··· Data excerpt ···

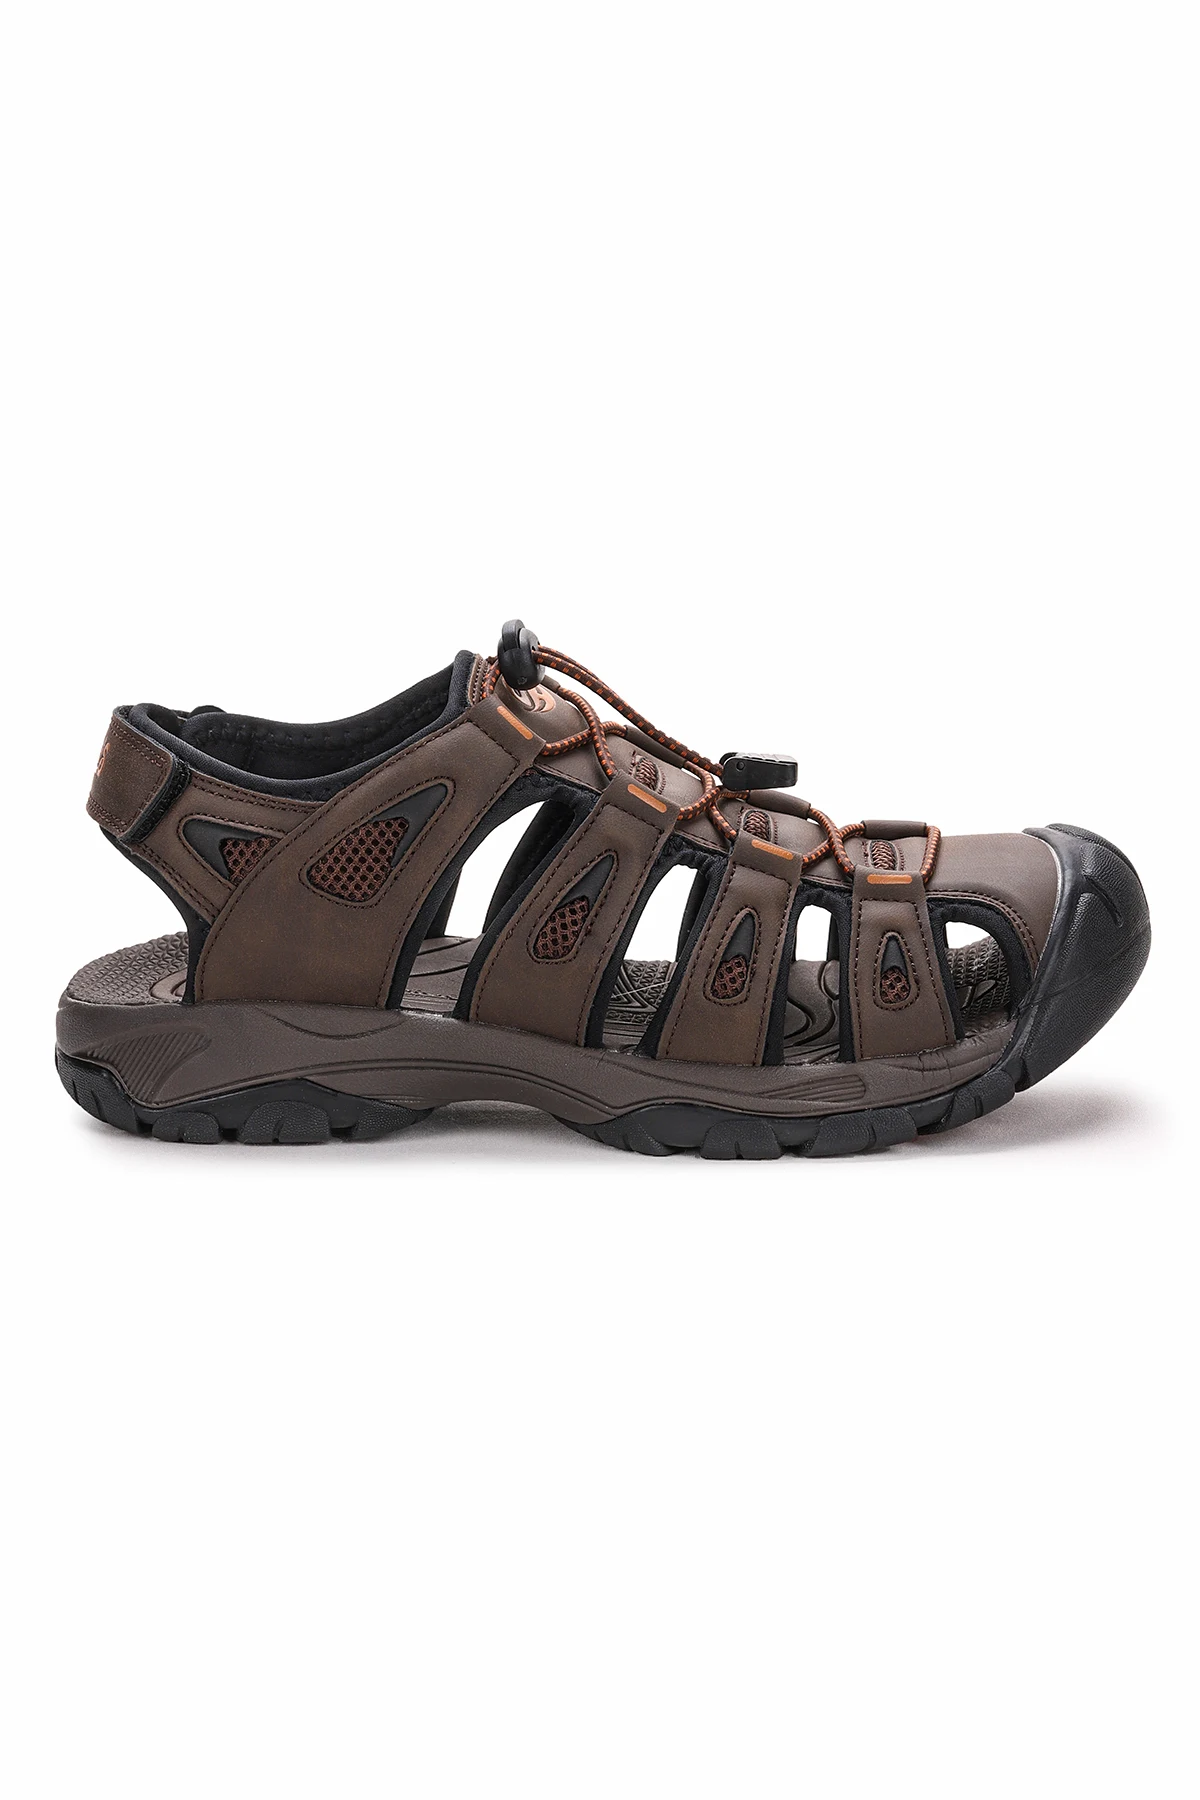 

Dockers 234715 Casual Velcro Men's Sandals Shoes
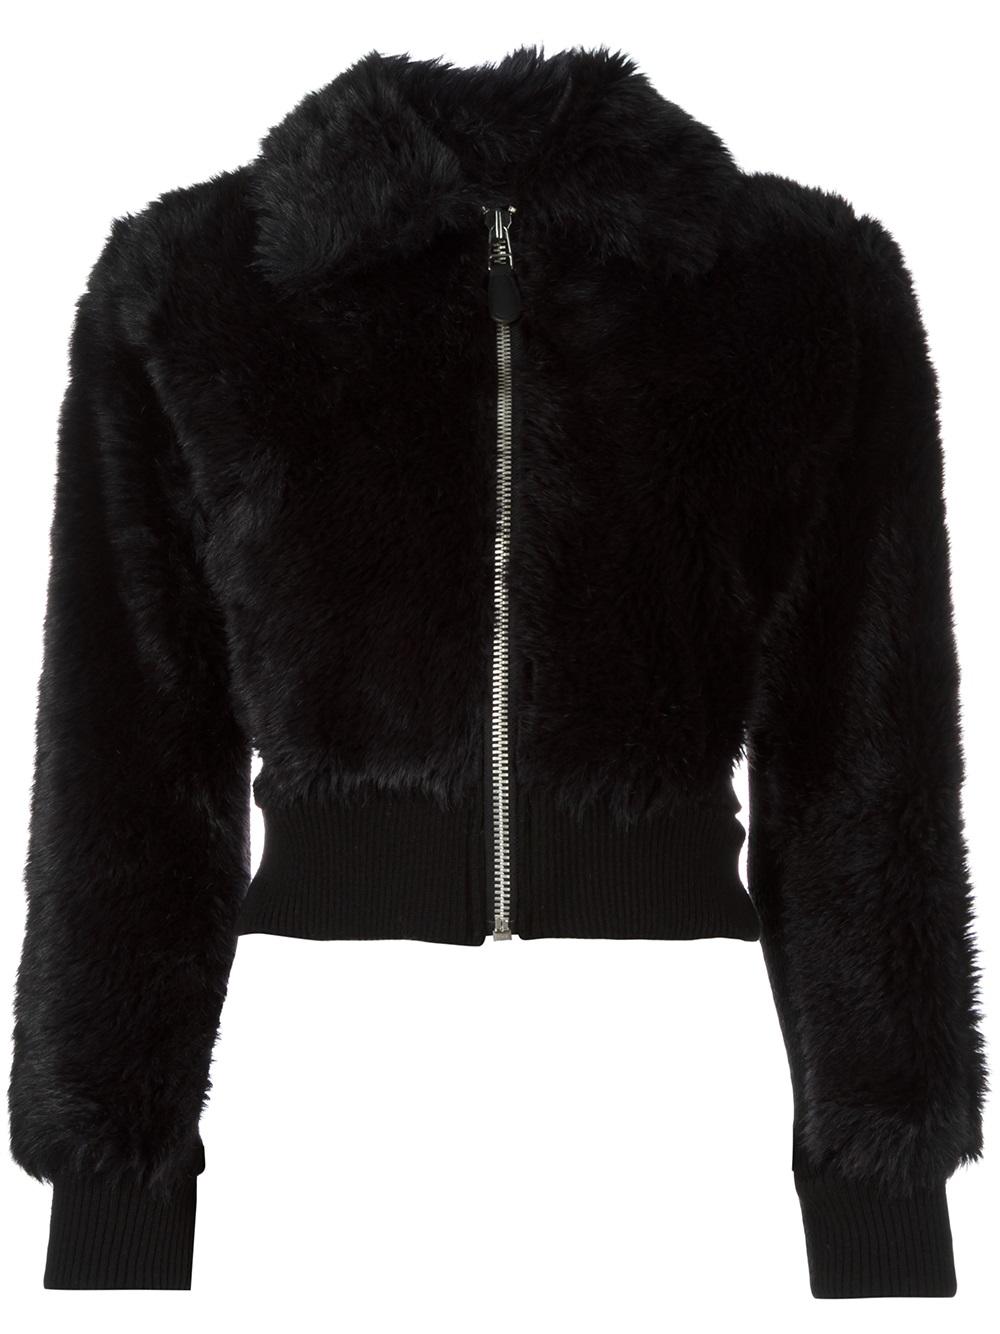 Copy Bella Hadid’s Black Fur Coat And Skinny Denim | FASHION
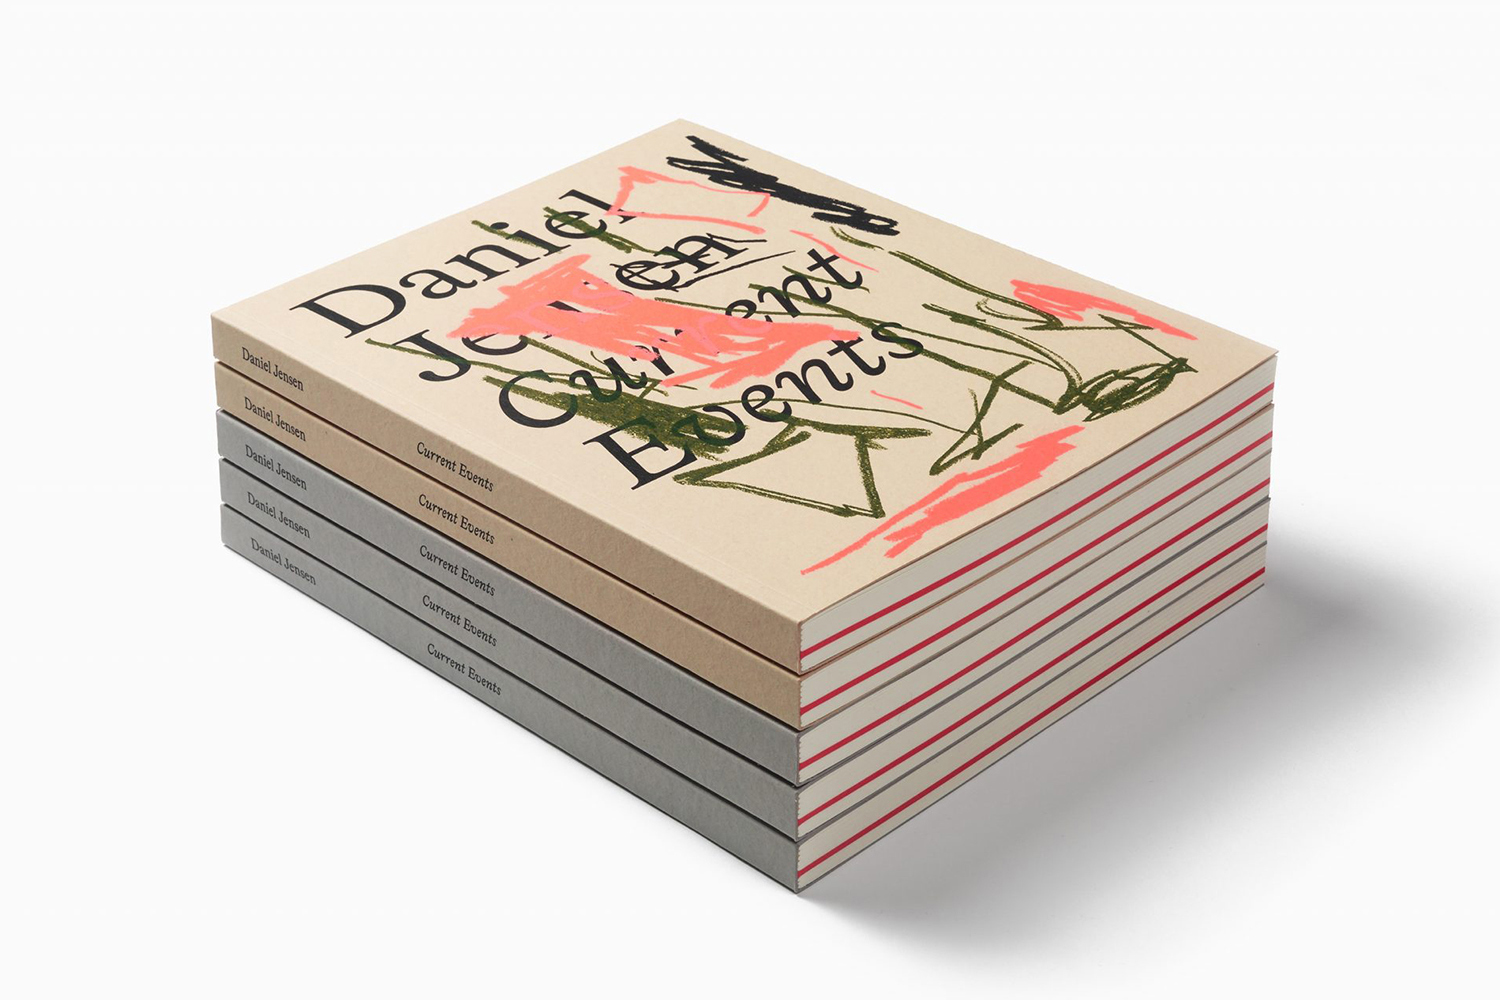 Book Design Inspiration – Daniel Jensen: Current Events by Bedow, Sweden

···

Try it:
Pictures included in the data should be dropped; everything else must be repeated exactly.

Answer to this task:
Dockers 234715 Casual Velcro Men's Sandals Shoes
 Copy Bella Hadid’s Black Fur Coat And Skinny Denim | FASHION
 Book Design Inspiration – Daniel Jensen: Current Events by Bedow, Sweden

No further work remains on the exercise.